No curso do Caso Evandro, o MP sustentou que não havia existido tortura nas investigações da polícia. Na sessão de quinta (9), entretanto, o órgão foi favorável à revisão criminal.
Quem eram os acusados
Sete pessoas foram acusadas de envolvimento no assassinato de Evandro:
Airton Bardelli dos Santos
Francisco Sérgio Cristofolini
Vicente de Paula
Osvaldo Marcineiro
Davi dos Santos Soares
Celina Abagge
Beatriz Abagge
O caso teve cinco julgamentos. No último, em 2011, Beatriz Abagge foi condenada a 21 anos de prisão. Celina, mãe dela, não foi julgada por tinha mais de 60 anos e o crime prescreveu.
As penas de Osvaldo Marcineiro e Davi dos Santos se extinguiram porque eles haviam permanecido presos por força de decisões anteriores. Vicente de Paula, outro réu, morreu de câncer no presídio.
Francisco Sérgio Cristofolini e Airton Bardelli foram absolvidos em 2005.
Desaparecimento de Evandro
O menino Evandro desapareceu em 6 de abril de 1992. À época, o Paraná vivia o desaparecimento de diversas crianças na região.

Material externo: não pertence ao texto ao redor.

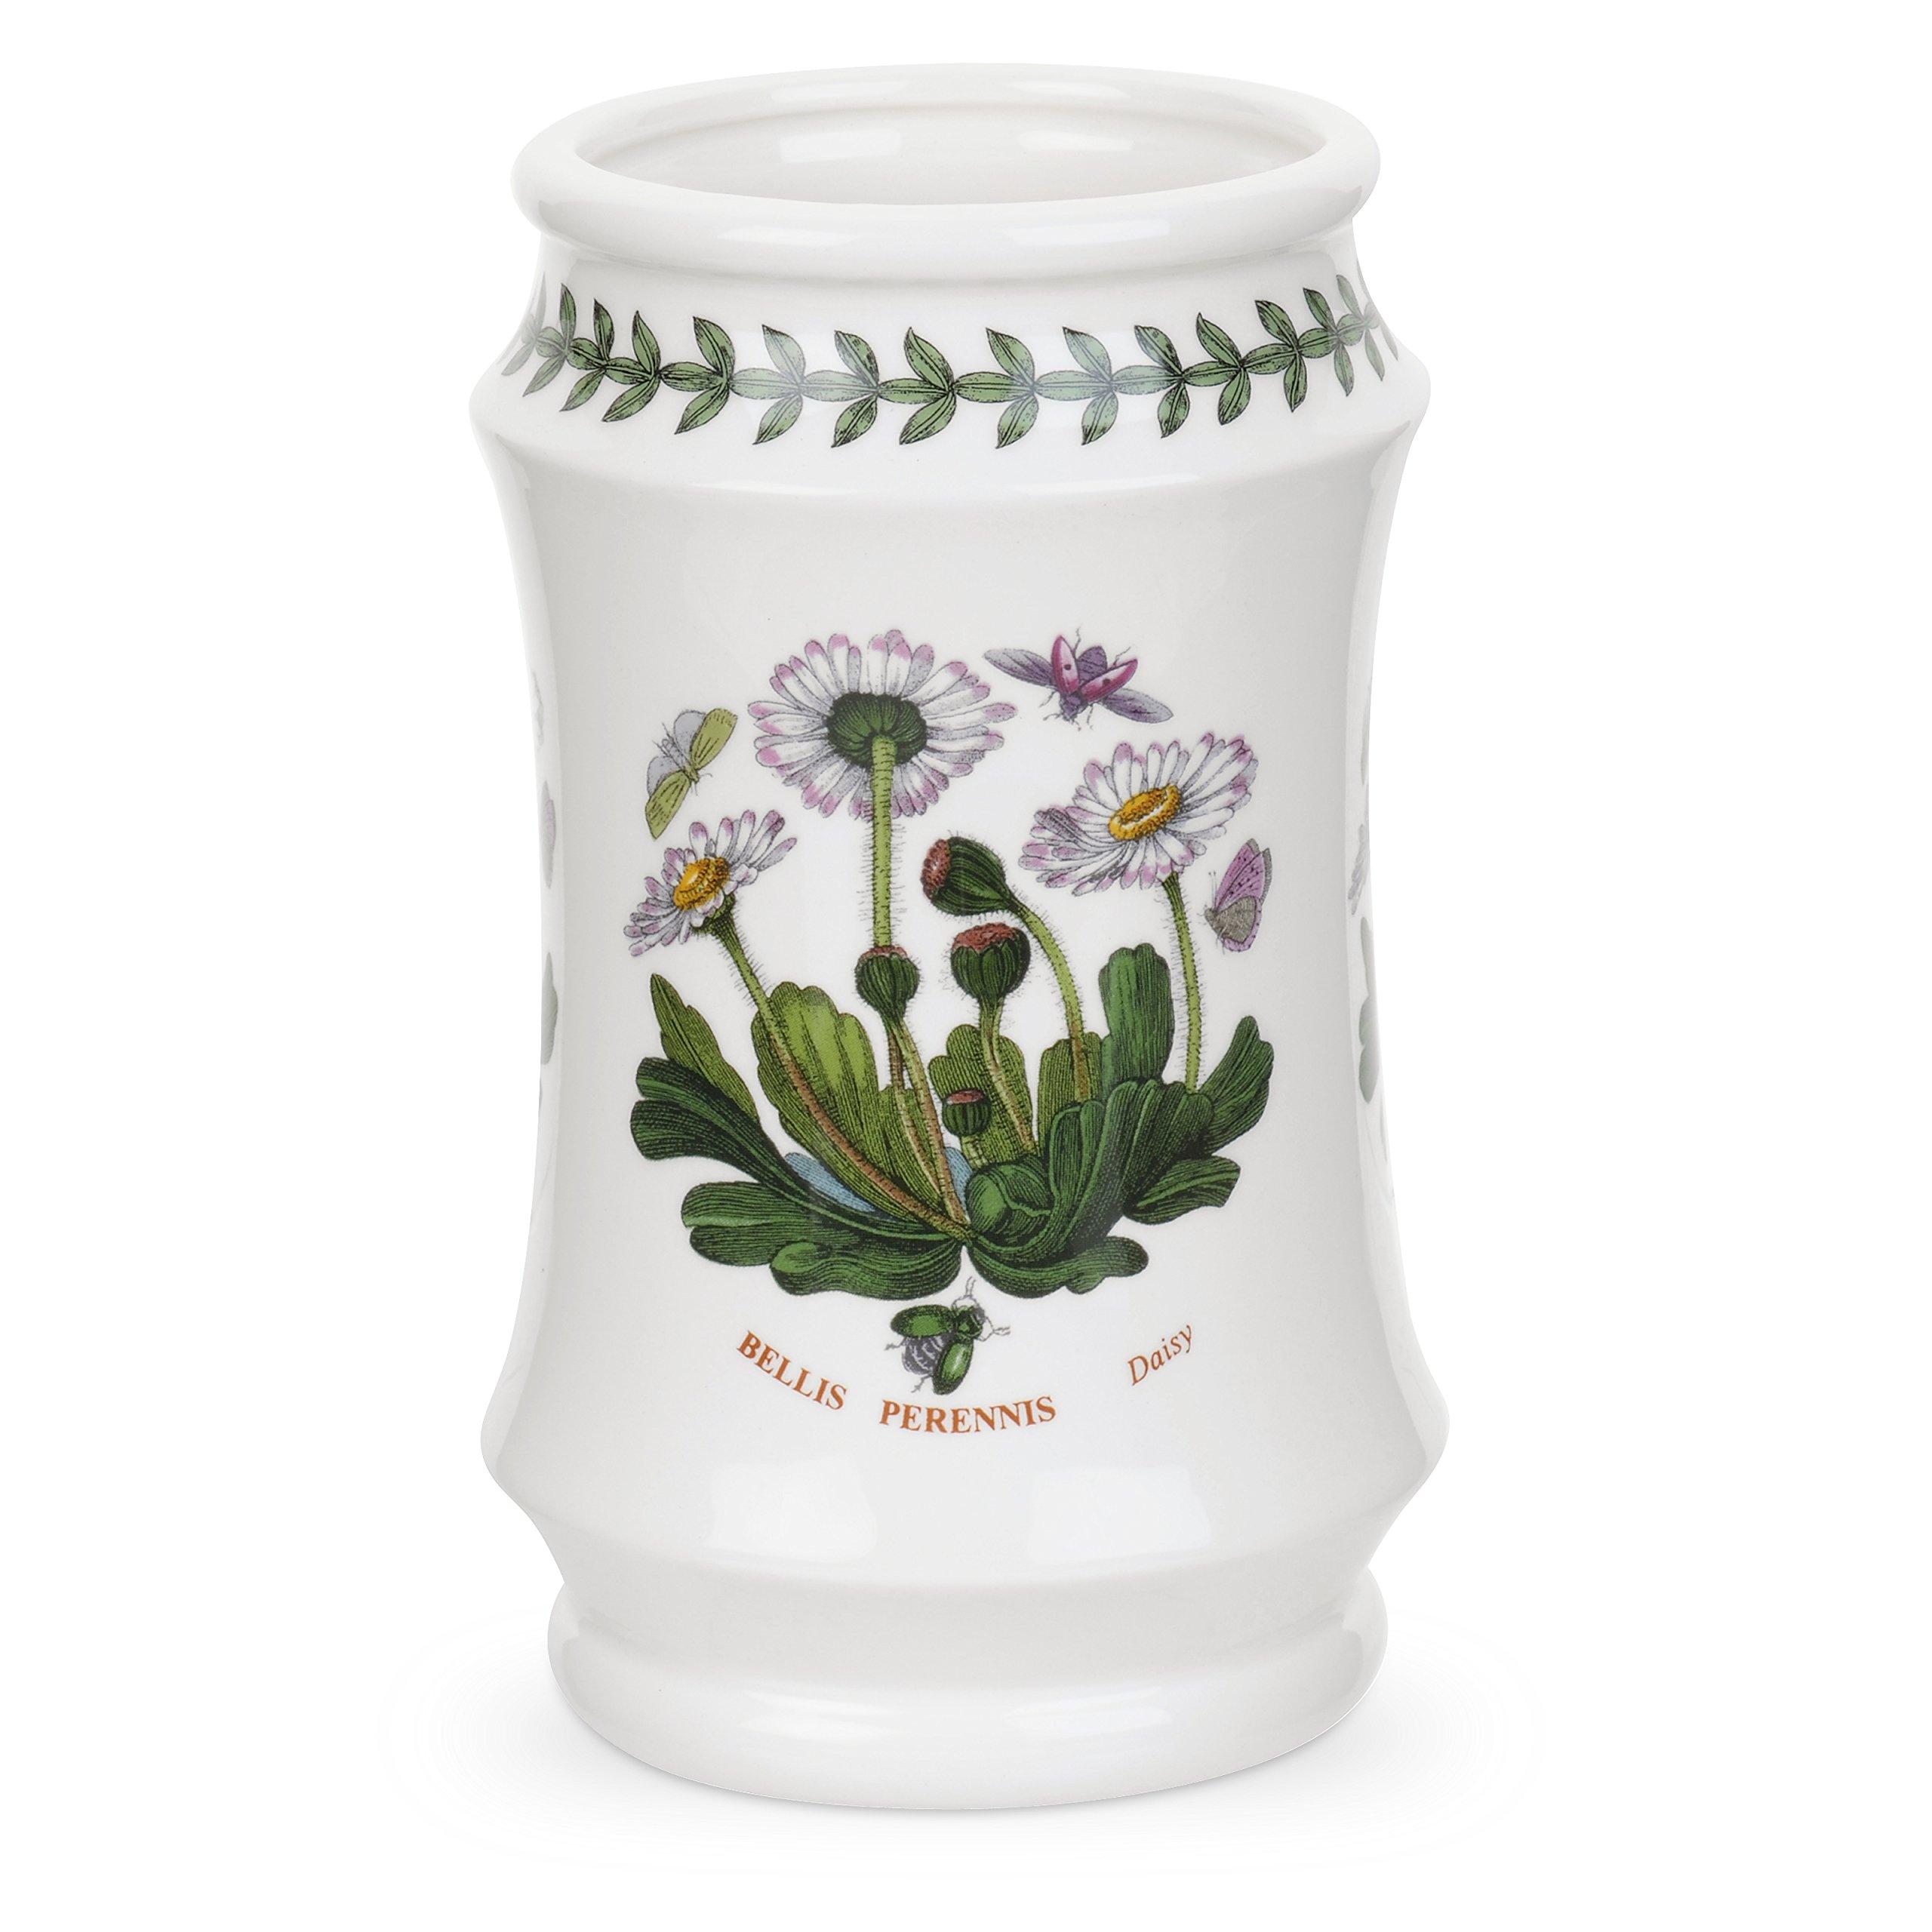 Portmeirion Botanic Garden Utensil Jar by Portmeirion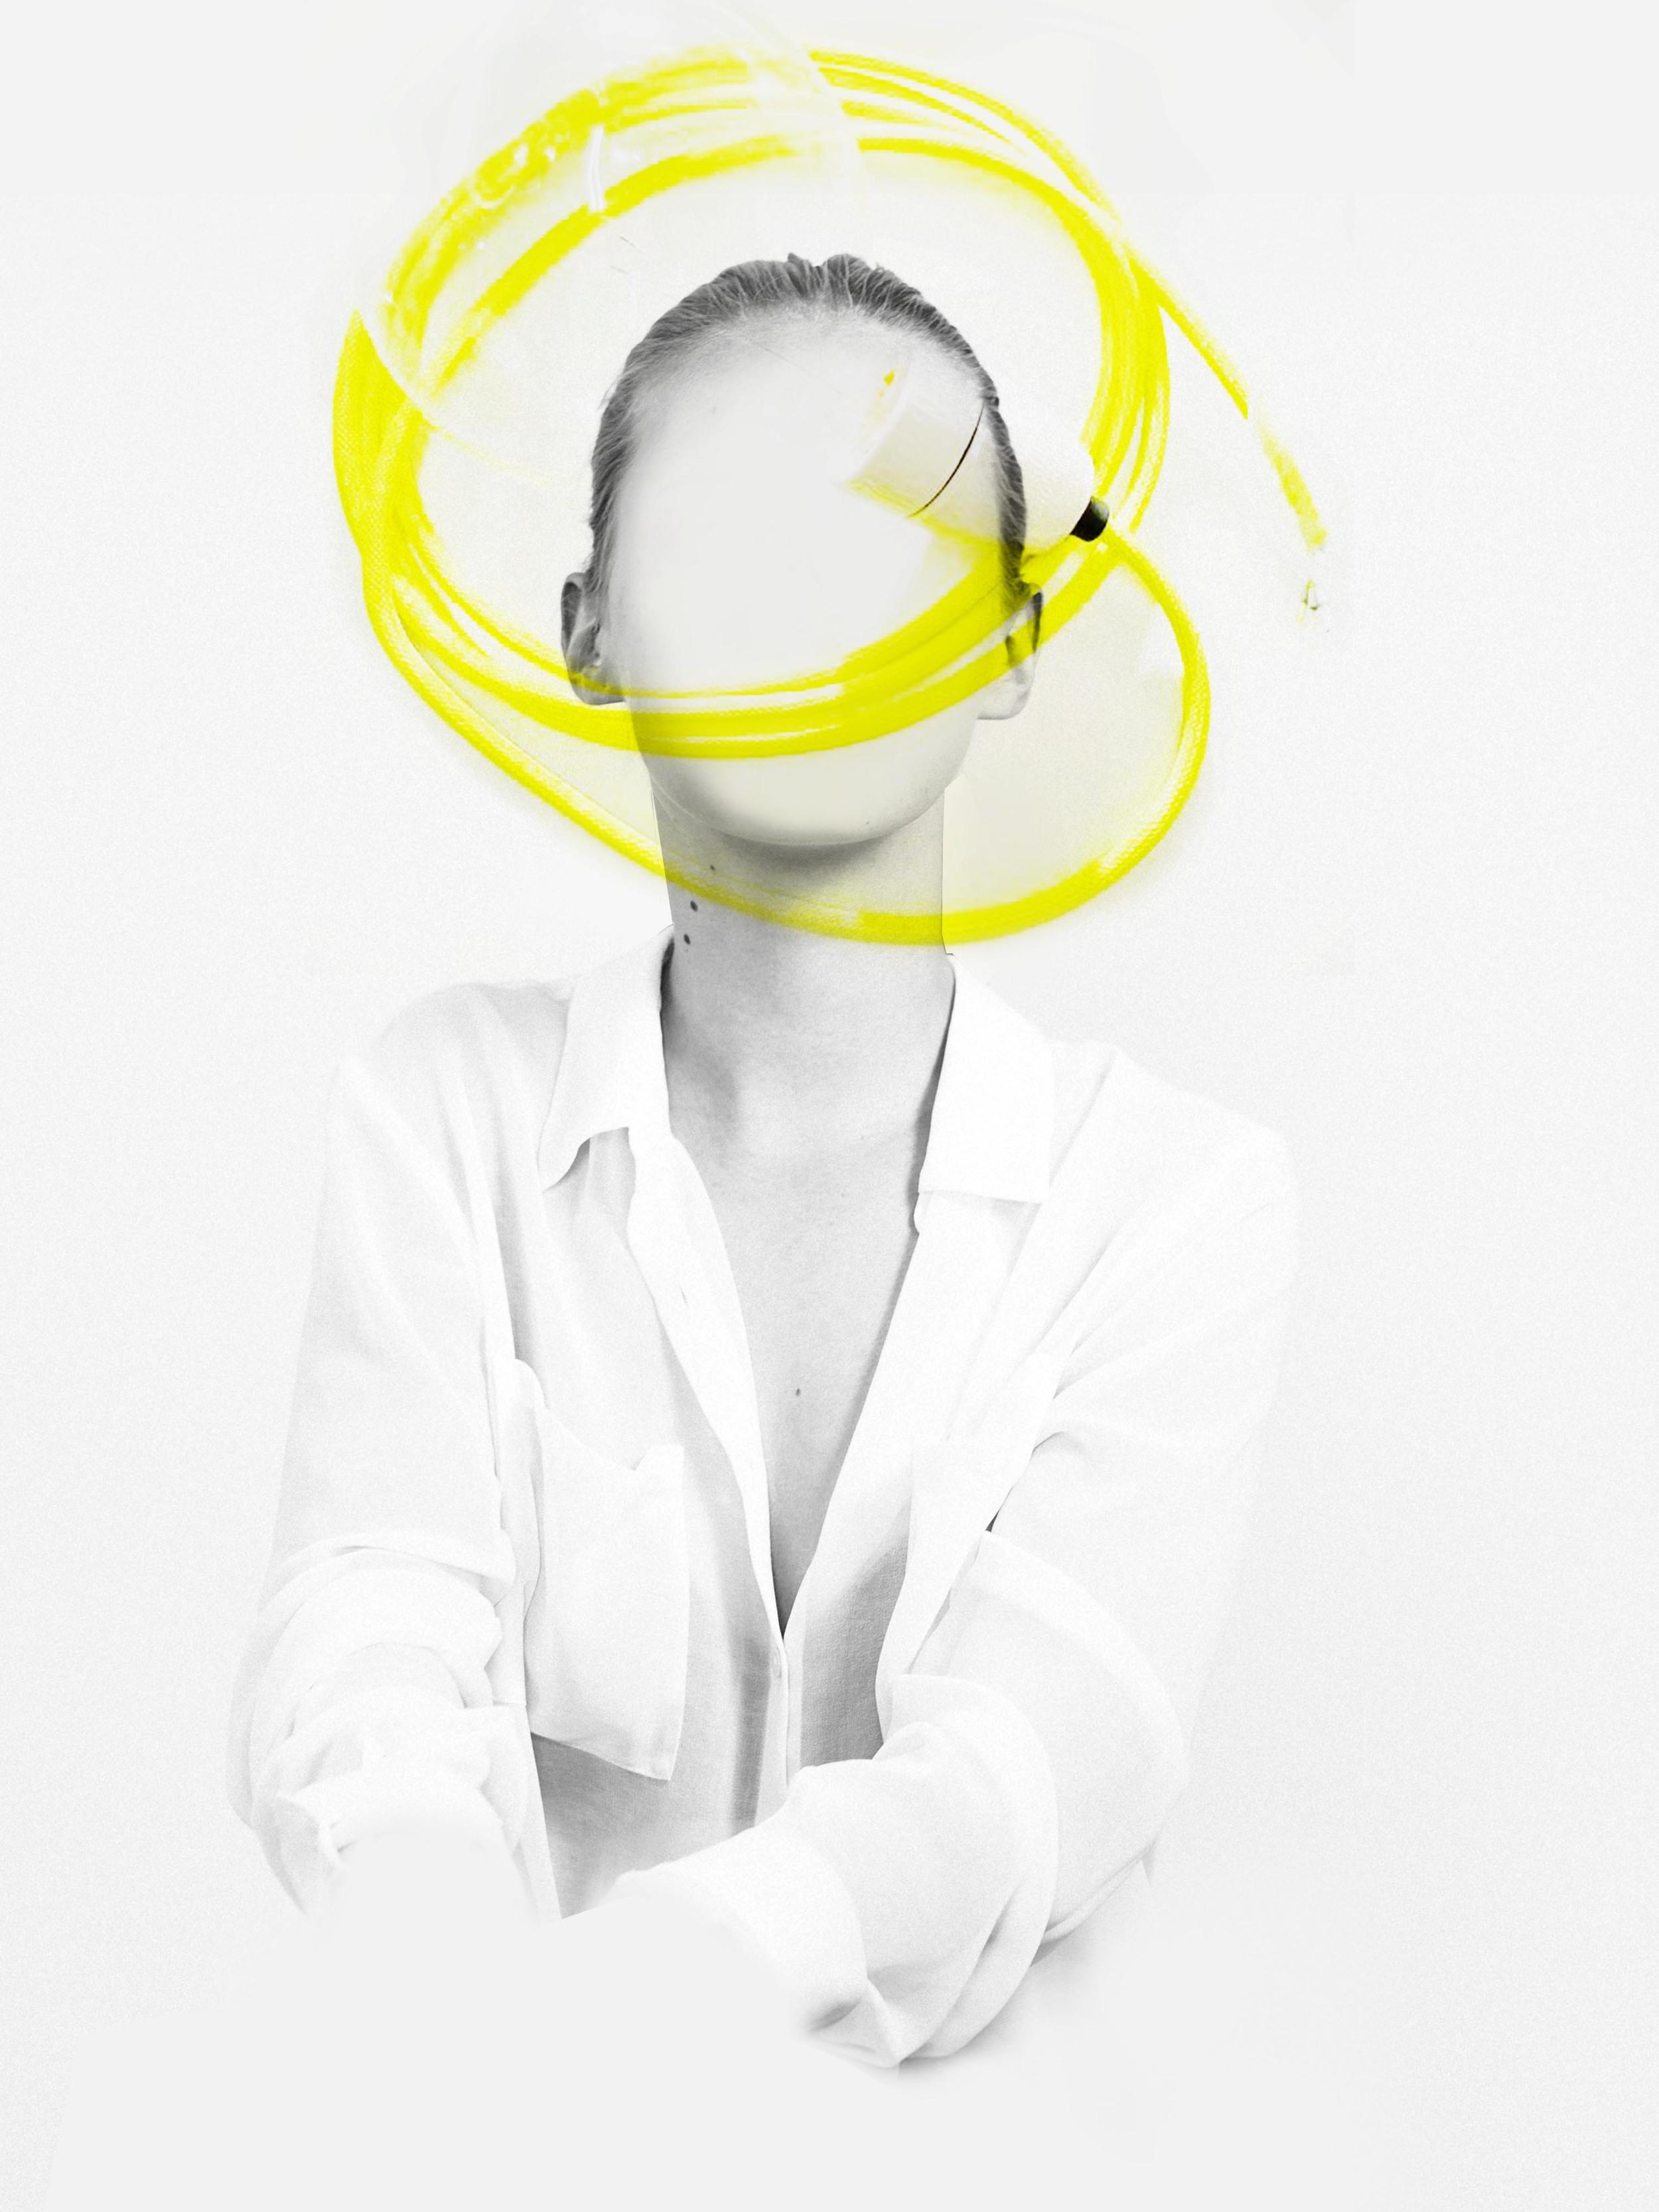 whiteface_erased.jpg

Segundo a investigação, ele estava com a mãe, Maria Caetano, funcionária de uma escola municipal de Guaratuba, e disse a ela que iria voltar para casa após perceber que havia esquecido o mini-game. Depois disso ele nunca mais foi visto.
Após um corpo ser encontrado em um matagal, no dia 11 de abril de 1992, o pai de Evandro, Ademir Caetano, afirmou à época no Instituto Médico-Legal (IML) de Paranaguá ter reconhecido o filho, por meio de uma pequena marca de nascença nas costas.